**Your objective:** Reproduce from the records below, with no pictures, exactly the lines between the one containing "Passover Food" and the one containing "Passover seder menu", inclusive.

**Given records:**

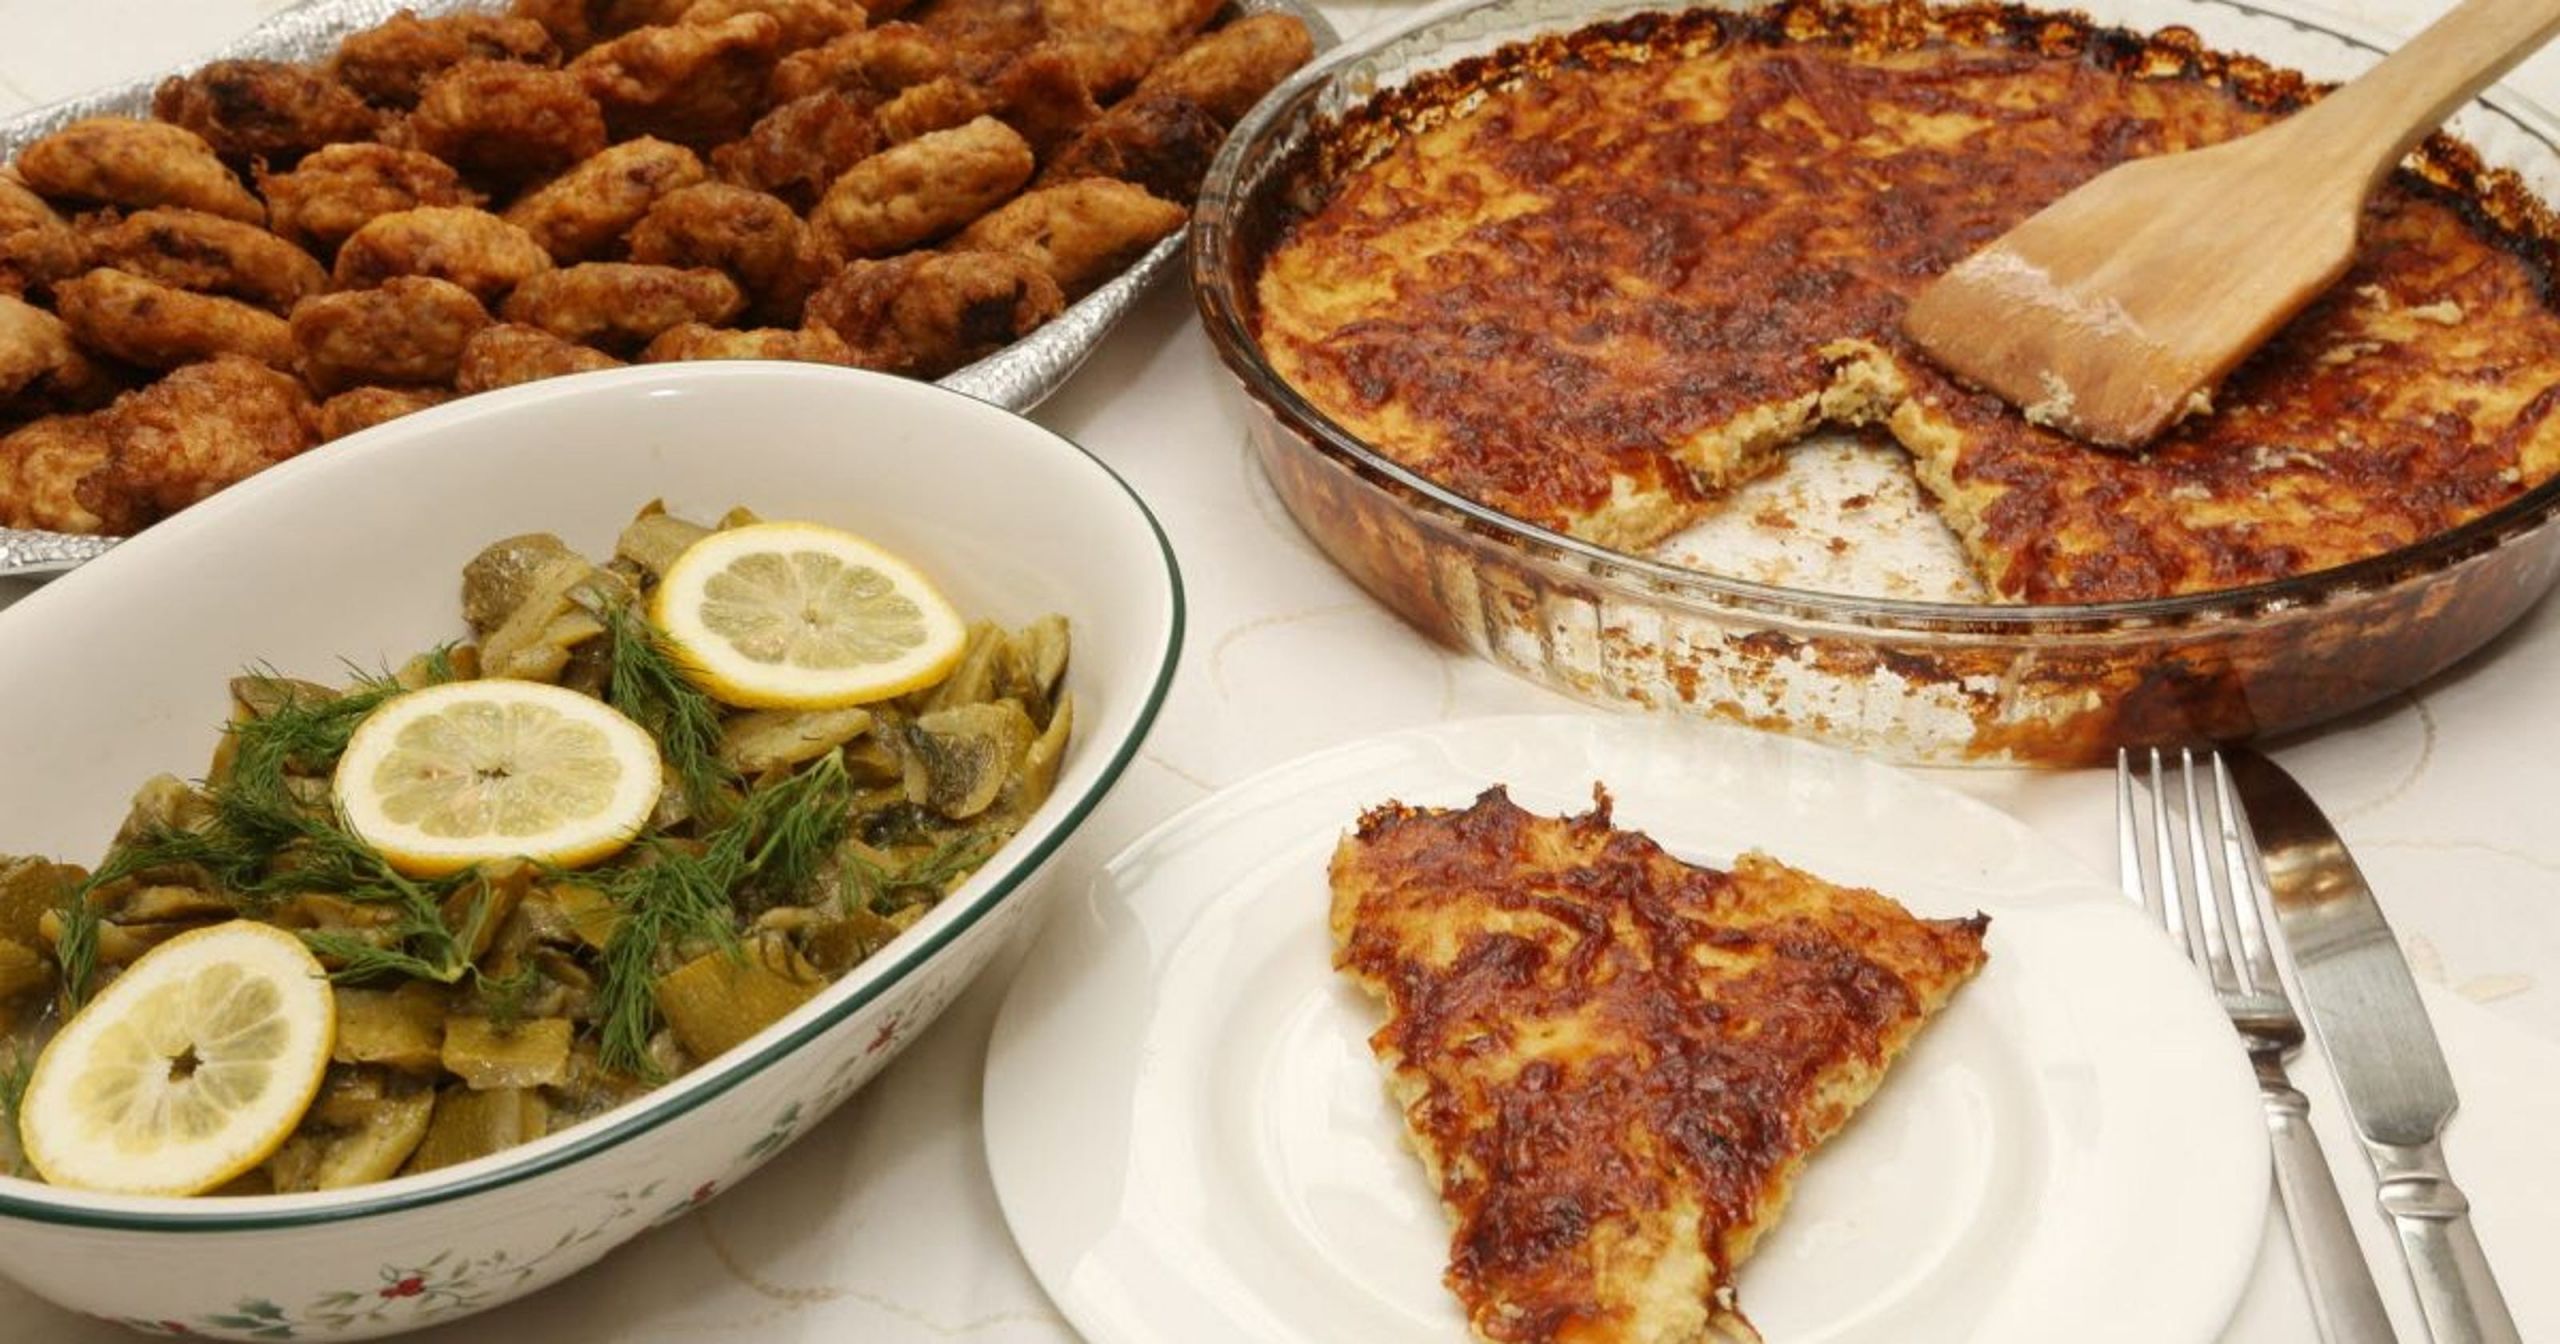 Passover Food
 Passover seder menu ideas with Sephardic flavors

--

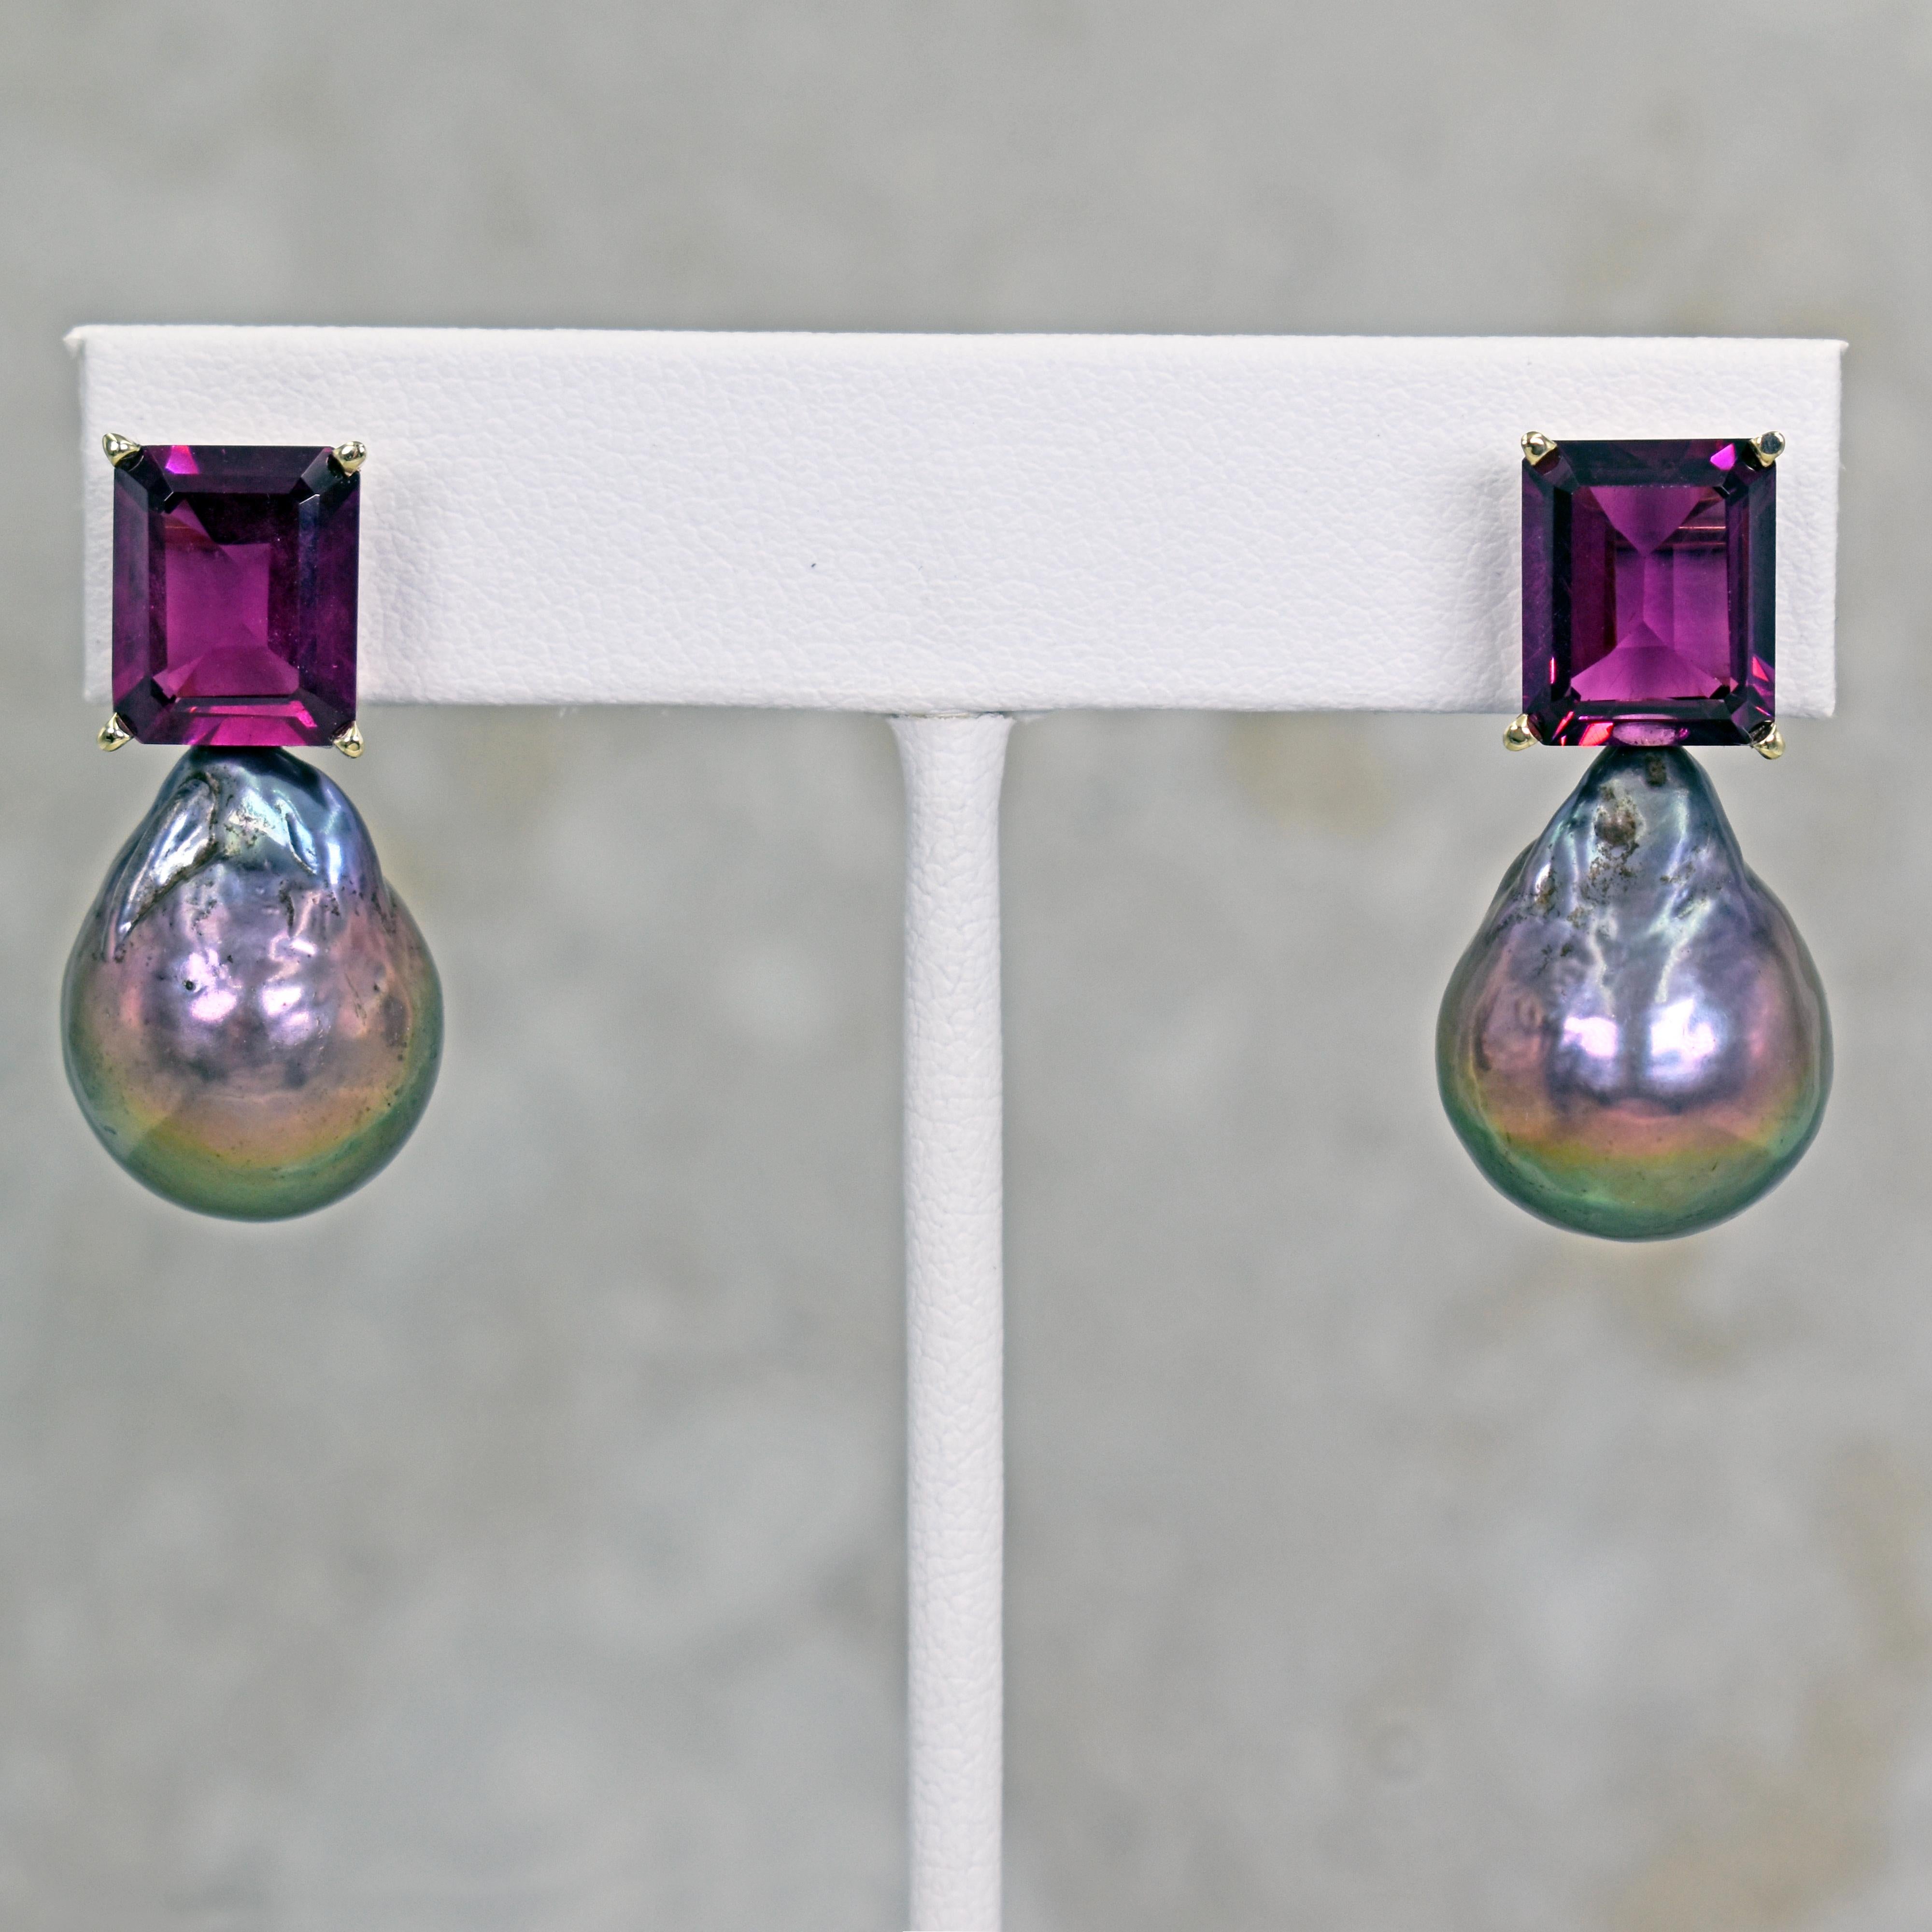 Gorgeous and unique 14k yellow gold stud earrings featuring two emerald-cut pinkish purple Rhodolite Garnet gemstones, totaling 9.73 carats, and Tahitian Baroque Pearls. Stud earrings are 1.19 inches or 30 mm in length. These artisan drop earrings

**Exercise response:**
 Passover Food
 Passover seder menu ideas with Sephardic flavors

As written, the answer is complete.